The first occupant of 5 Moray Place was also the first of three grocers to live there; Gavin Wilson was resident between 1862 and 1865. He was a hamcurer & provision merchant, of Wilson, Ferguson & Co at 62 Little Street in Calton.

He was born in 1822, the second of five children, to William Wilson & Mary Cleland in Mauchline, Ayrshire. He moved to Glasgow in the 1840s and joined the grocery trade. His sister Janet married Hugh Slimmon in 1846 and Gavin moved in and boarded with them and their family for many years. Slimmon was himself a wholesale grocer at 48 Hutcheson Street.

Gavin moved to Moray Place in 1862 but moved out again in 1865 and was back with the Slimmon family in the 1871 census. The Slimmon family ended up at Duneaton Villa, 15 Albert Drive, Pollokshields, as did Gavin, and he died there in 1915 .

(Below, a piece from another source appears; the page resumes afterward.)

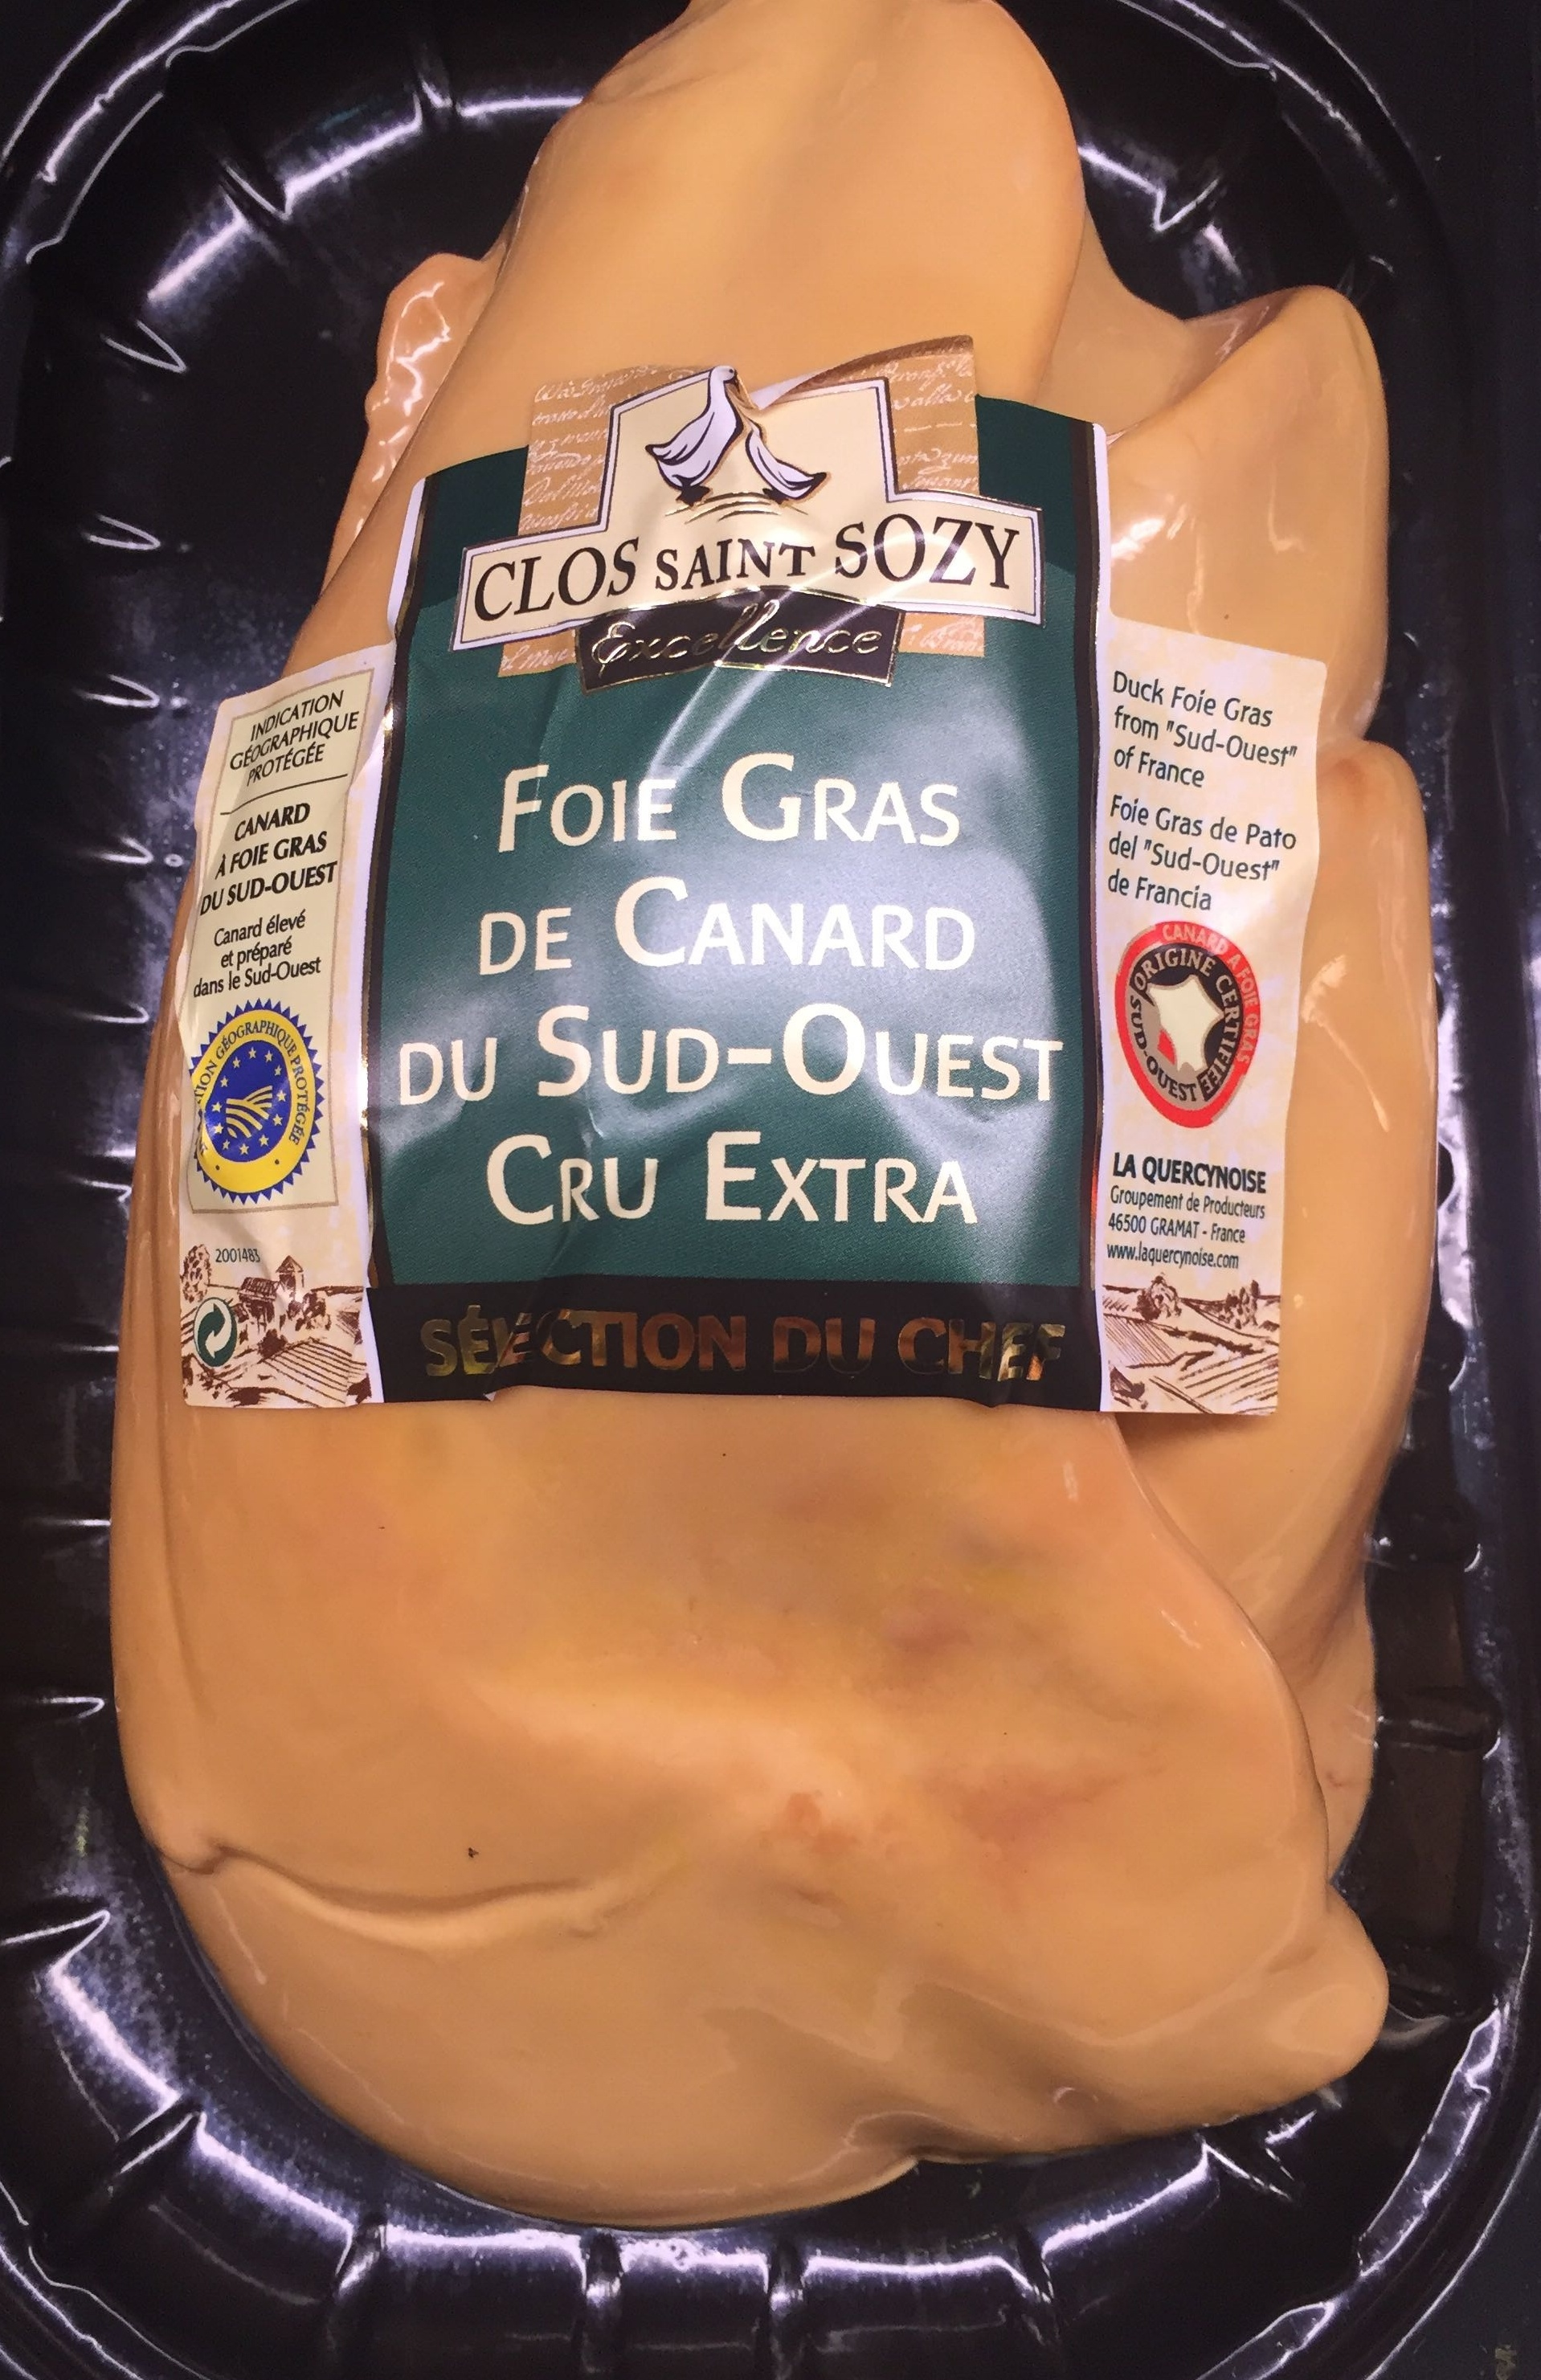 Foie gras de canard du Sud-Est cru extra - Product - fr

My research originally suggested he was unmarried, and didn’t like life alone in Moray Place, but the current owners (see comments) tell me the deeds record that the property was bought in the name of his wife, Annie Ferguson or Wilson, for £510. I can find no trace of Annie, but also no trace of a business partner called Ferguson either. He only briefly traded under that name before disappearing from the PO Directories around 1866; perhaps subsequently he just worked for the Slimmons. So I sense an intriguing tale, but can’t take it further at present.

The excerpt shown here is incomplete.